Re: [QUESTION] multiple fsync() vs single sync()

Dave Chinner <david@xxxxxxxxxxxxx> · Wed, 17 Oct 2018 12:16:24 +1100

On Tue, Oct 16, 2018 at 10:22:18AM +0000, Romain Le Disez wrote:
> Hi all,
> 
> In this pseudo-code (extracted from OpenStack Swift [1]):
>     fd=open("/tmp/tempfile", O_CREAT | O_WRONLY);
>     write(fd, ...);
>     fsetxattr(fd, ...);
>     fsync(fd);
>     rename("/tmp/tempfile", "/data/foobar");
>     dirfd = open("/data", O_DIRECTORY | O_RDONLY);
>     fsync(dirfd);
> 
> OR (the same without temporary file):
>     fd=open("/data", O_TMPFILE | O_WRONLY);
>     write(fd, ...);
>     fsetxattr(fd, ...);
>     fsync(fd);
>     linkat(AT_FDCWD, "/proc/self/fd/" + fd, AT_FDCWD, "/data/foobar", AT_SYMLINK_FOLLOW);

	linkat(fd, "",  AT_FDCWD, "/data/foobar", AT_EMPTY_PATH);

>     dirfd = open("/data", O_DIRECTORY | O_RDONLY);
>     fsync(dirfd);

> I’m guaranteed that, what ever happen, I’ll have a
> complete file (data+xattr) or no file at all in the directory
> /data.

Yes.

> Second question, if I replace the two fsync() by one sync(), do I
> get the same guarantee?
>     fd=open("/data", O_TMPFILE | O_WRONLY);
>     write(fd, ...);
>     fsetxattr(fd, ...);
>     linkat(AT_FDCWD, « /proc/self/fd/" + fd, AT_FDCWD, "/data/foobar", AT_SYMLINK_FOLLOW);
>     sync();
> 
> From what I understand of the FAQ [1], write_barrier guarantee
> that journal (aka log) will be written before the inode (aka
> metadata). Did I miss something?

"write barriers" don't exist anymore. What we have these days are
cache flushes to correctly order data/metadata IO vs journal IO.

The syncfs() operation (and sync(), which is just syncfs() across
all filesystems) writes oustanding data first, then asks the
filesystem to force metadata to stable storage. XFS does that with
a log flush, which issues a cache flush (data now on stable storage)
followed by FUA log writes (metadata now on stable storage in the
journal).

So, effectively, you get the same thing in both cases.

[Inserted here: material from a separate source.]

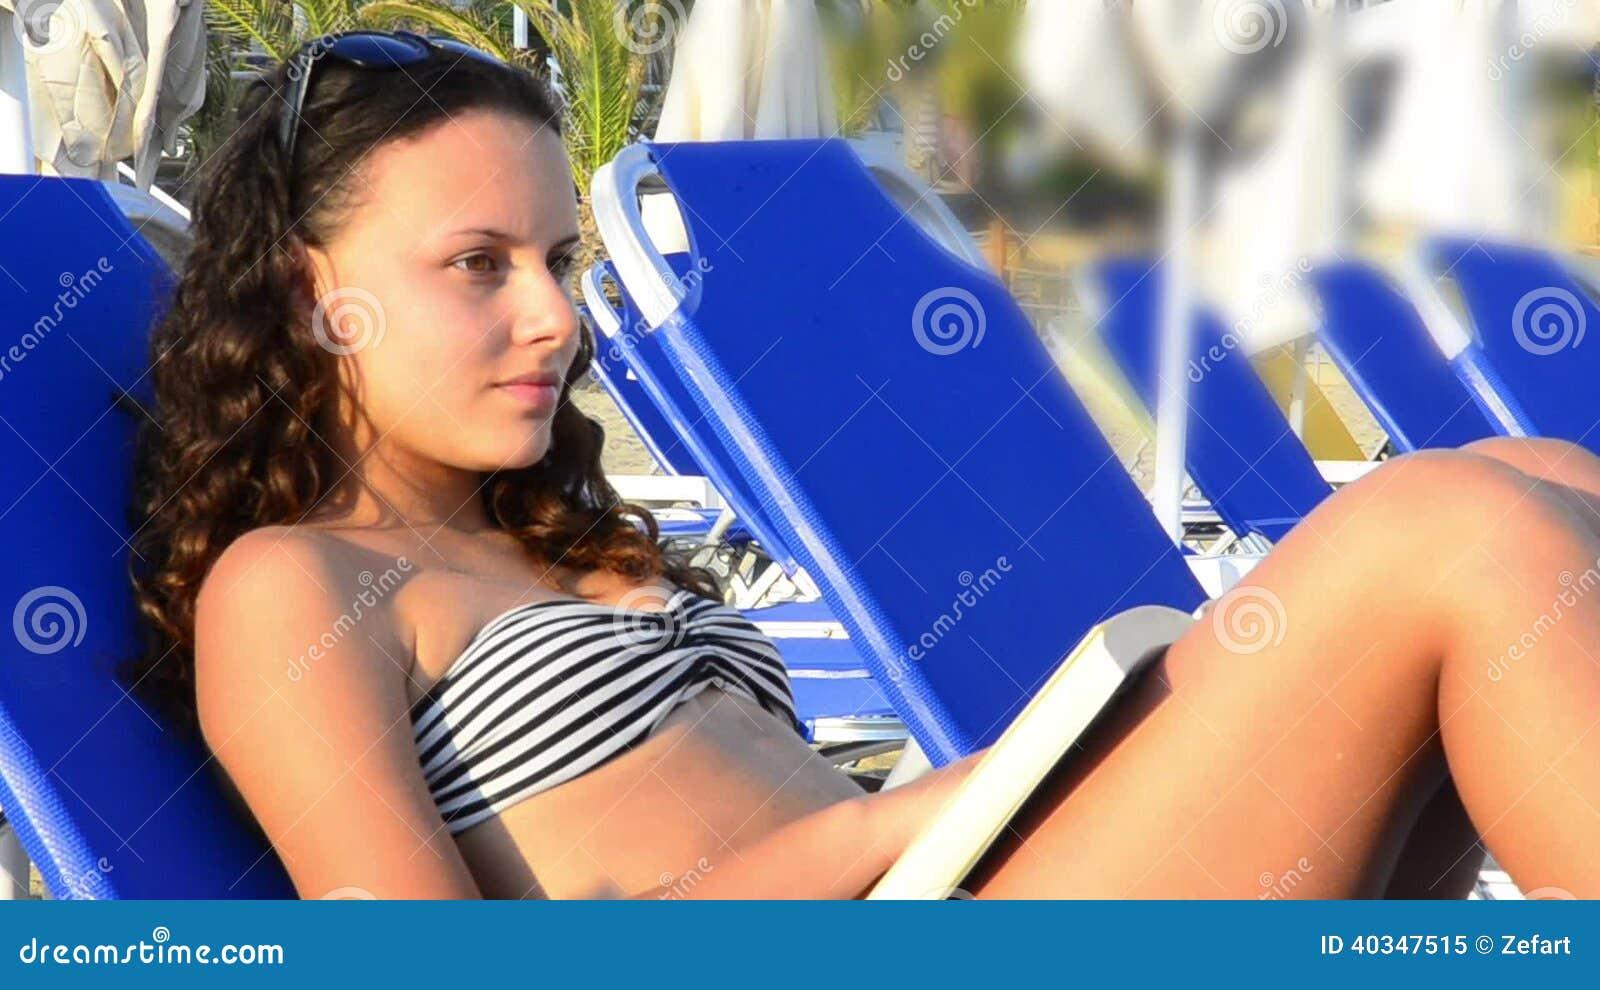 sunbathing beach on girls Teen

The only
difference is that sync() does a lot more work than a couple of
fsync() operations, and does work system wide on filesystems and
files you don't care about. fsync() will always perform better on a
busy system than a sync call.

Let the filesystem worry about optimising fsync calls necessary for
consistency and integrity purposes. If there was a faster way than
issuing fsync on only the objects that need it when required, then
everyone would be using it all the time....

Cheers,

Dave.
-- 
Dave Chinner
david@xxxxxxxxxxxxx